Univention Bugzilla – Bug 42582
list_add corruption - probably timer/workqueue related
Last modified: 2019-01-03 07:20:42 CET
Created attachment 8070 [details] Kernel OOPS notice swapped arguments between consecutive calls.
I asked on LKML but didn't get a reply yet: <https://marc.info/?l=linux-kernel&m=147508265316854&w=2> I also haven't found a similar bug report. Happened in 2. school with (probably) different virtualization: Bochs vs. VMWare. (?)
Created attachment 8076 [details] Kernel OOPS 2
The common things is a timer addition: [<ffffffff810da5a6>] ? internal_add_timer+0x36/0xa0 [<ffffffff810dc42b>] ? add_timer_on+0x8b/0x100 [<ffffffff810da5a6>] ? internal_add_timer+0x36/0xa0 [<ffffffff810dc6fa>] ? mod_timer_pending+0xfa/0x140 So something is racing without proper locking. The 2nd OOPS looks like some RCU locking might be missing for the WQ. See <http://linux-kernel.2935.n7.nabble.com/mod-timer-list-add-corruption-WARNING-CPU-1-PID-0-at-lib-list-debug-c-33-list-add-0xbe-0xd0-td684405.html>. There have been updates between v4.1.16 and v4.1.33 in that field, e.g. add92082e2d14367b27b0e18b0deeaedd7c1f938 68fce03ba7901aa338a566292a59e6a753948861 ! Especially the last one looks promising: v4.1.12~18 introduced the bug v4.1.19~70 fixed it that would explain why no-one except UCS customers see this bug.

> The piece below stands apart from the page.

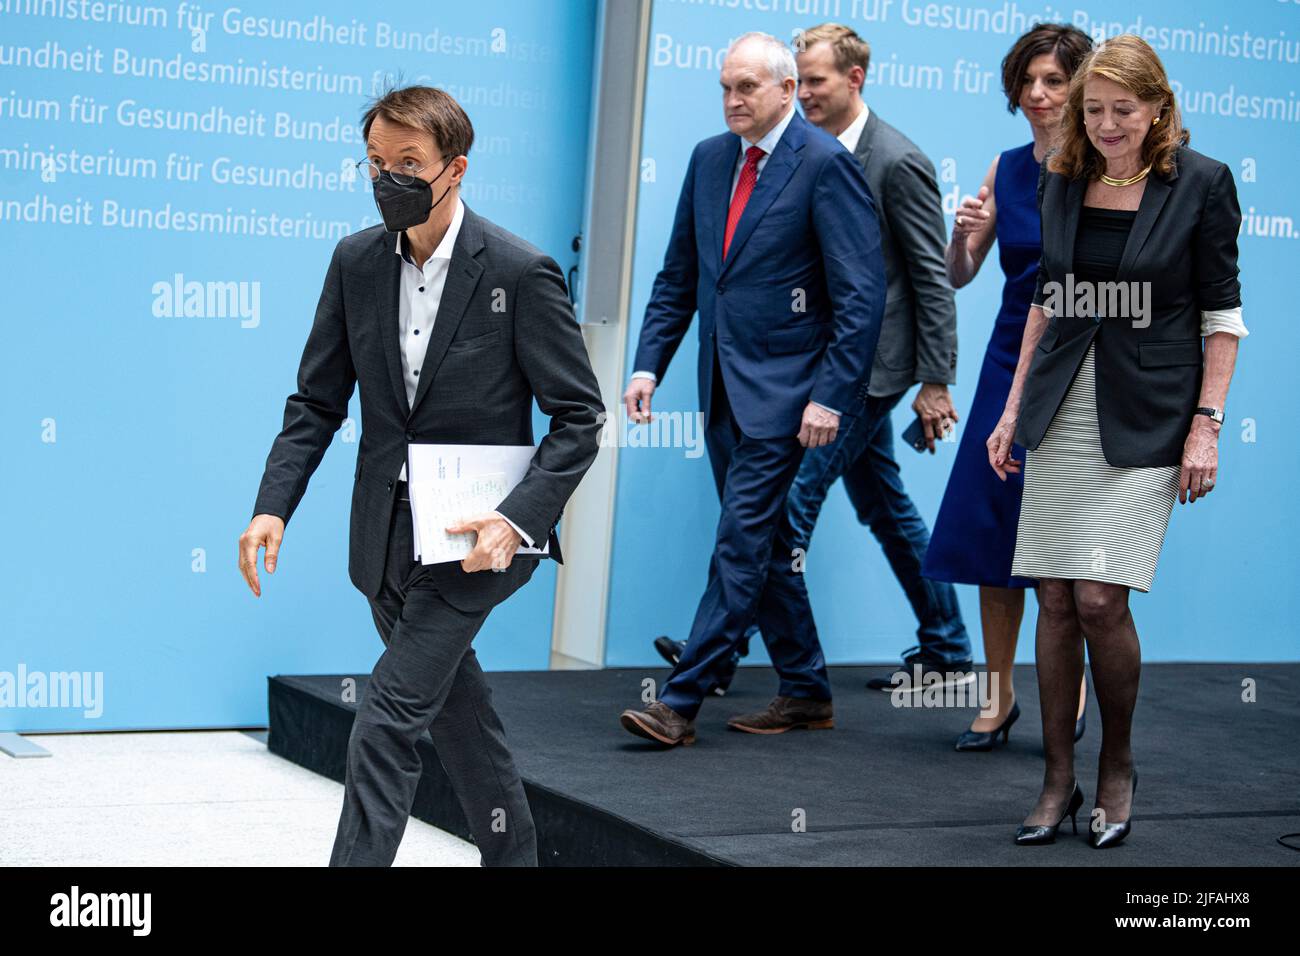 Berlin, Germany. 01st July, 2022. Karl Lauterbach (SPD, l-r), Federal Minister of Health, Christoph Schmidt, President, RWI - Leibniz Institute for Economic Research, Hendrik Streeck, virologist, Jutta Allmendinger, sociologist, and Helga Rübsamen-Schaeff, virologist, chemist and deputy chair of the Expert Committee for the Evaluation of the Infection Protection Act (IfSG), attend a press conference on the IfSG evaluation report. Today, the IfSG presents the results of the evaluation report of the Corona protection measures to date. Credit: Fabian Sommer/dpa/Alamy Live News Stock Photo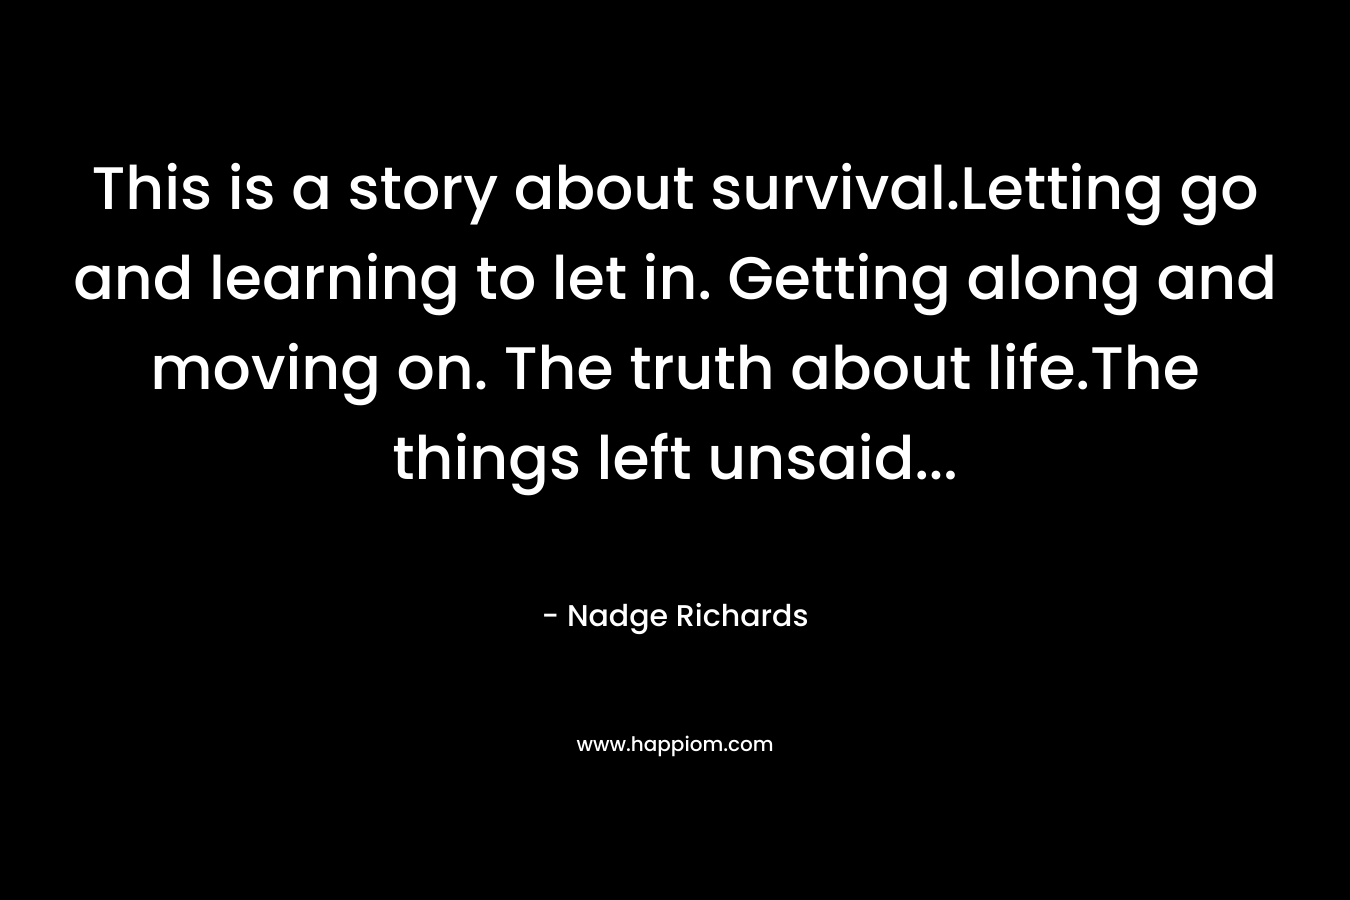 This is a story about survival.Letting go and learning to let in. Getting along and moving on. The truth about life.The things left unsaid… – Nadge Richards

Will hopefully be fixed with the new linux-4.1.33 kernel from Bug #41058. Maybe enabling CONFIG_DEBUG_OBJECTS could help.
Might need debug enabled kernel build: <https://marc.info/?l=linux-btrfs&m=147694635511693&w=2>
Did it happened again or has it been fixed with the latest kernel updates?
There is a Customer ID set so I set the flag "Enterprise Customer affected".
This issue has been filled against UCS 4.1. The maintenance with bug and security fixes for UCS 4.1 has ended on 5st of April 2018. Customers still on UCS 4.1 are encouraged to update to UCS 4.3. Please contact your partner or Univention for any questions. If this issue still occurs in newer UCS versions, please use "Clone this bug" or simply reopen the issue. In this case please provide detailed information on how this issue is affecting you.